We provide a compressive-measurement based method to detect susceptible agents who may receive misinformation through their contact with ‘stubborn agents’ whose goal is to influence the opinions of agents in the network. We consider a DeGroot-type opinion dynamics model where regular agents revise their opinions by linearly combining their neighbors' opinions, but stubborn agents, while influencing others, do not change their opinions.

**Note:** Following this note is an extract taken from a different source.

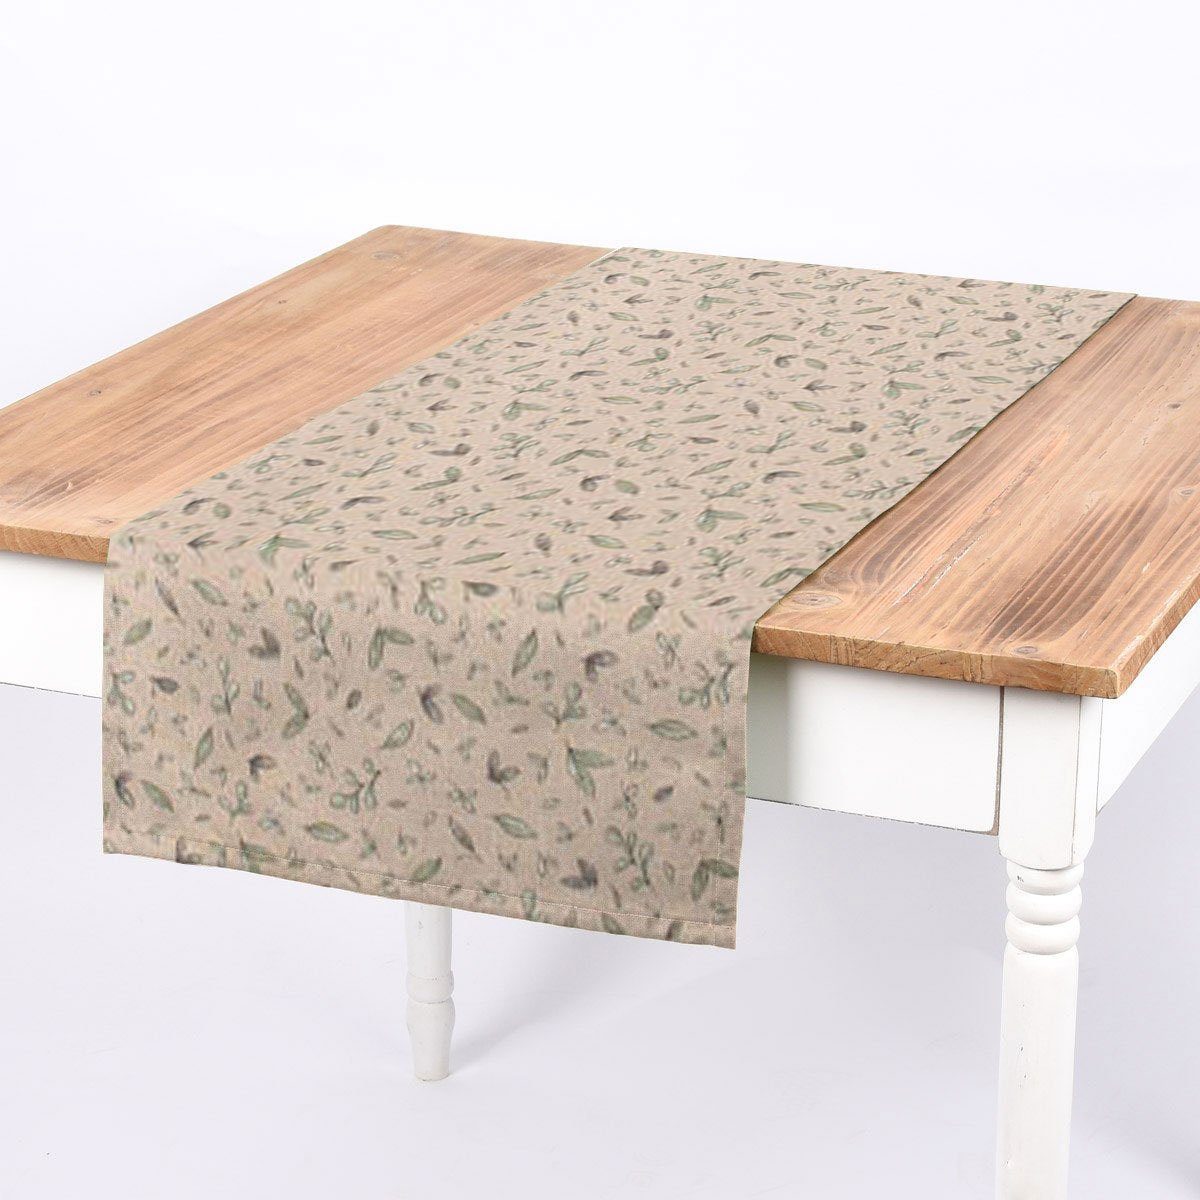 SCHÖNER LEBEN. Tischläufer SCHÖNER LEBEN. Tischläufer Blätter natur grün 40x160cm, handmade

Our proposed method hinges on estimating the temporal difference vector of network-wide opinions, computed at time instances when the stubborn agents interact. We show that this temporal difference vector has approximately the same support as the locations of the susceptible agents. Moreover, both the interaction instances and the temporal difference vector can be estimated from a small number of aggregated opinions. The performance of our method is studied both analytically and empirically. We show that the detection error decreases when the social network is better connected, or when the stubborn agents are ‘less talkative’.
通过压缩测量识别时变意见动态中的敏感因素
我们提供了一种基于压缩测量的方法来检测易受影响的代理,这些代理可能通过与“顽固代理”的接触接收到错误信息,而“顽固代理”的目标是影响网络中代理的意见。我们考虑了一个degroot类型的意见动态模型,其中常规代理通过线性结合邻居的意见来修改他们的意见,而顽固代理在影响他人的同时不改变他们的意见。我们提出的方法依赖于估计网络范围内意见的时间差向量,在顽固代理交互的时间实例中计算。我们表明,这个时间差异向量与易感因子的位置具有大致相同的支持度。此外,交互实例和时间差向量都可以从少量的汇总意见中估计出来。本文对该方法的性能进行了分析和实证研究。我们表明,当社交网络连接得更好时,或者当顽固的代理“不那么健谈”时,检测误差会减少。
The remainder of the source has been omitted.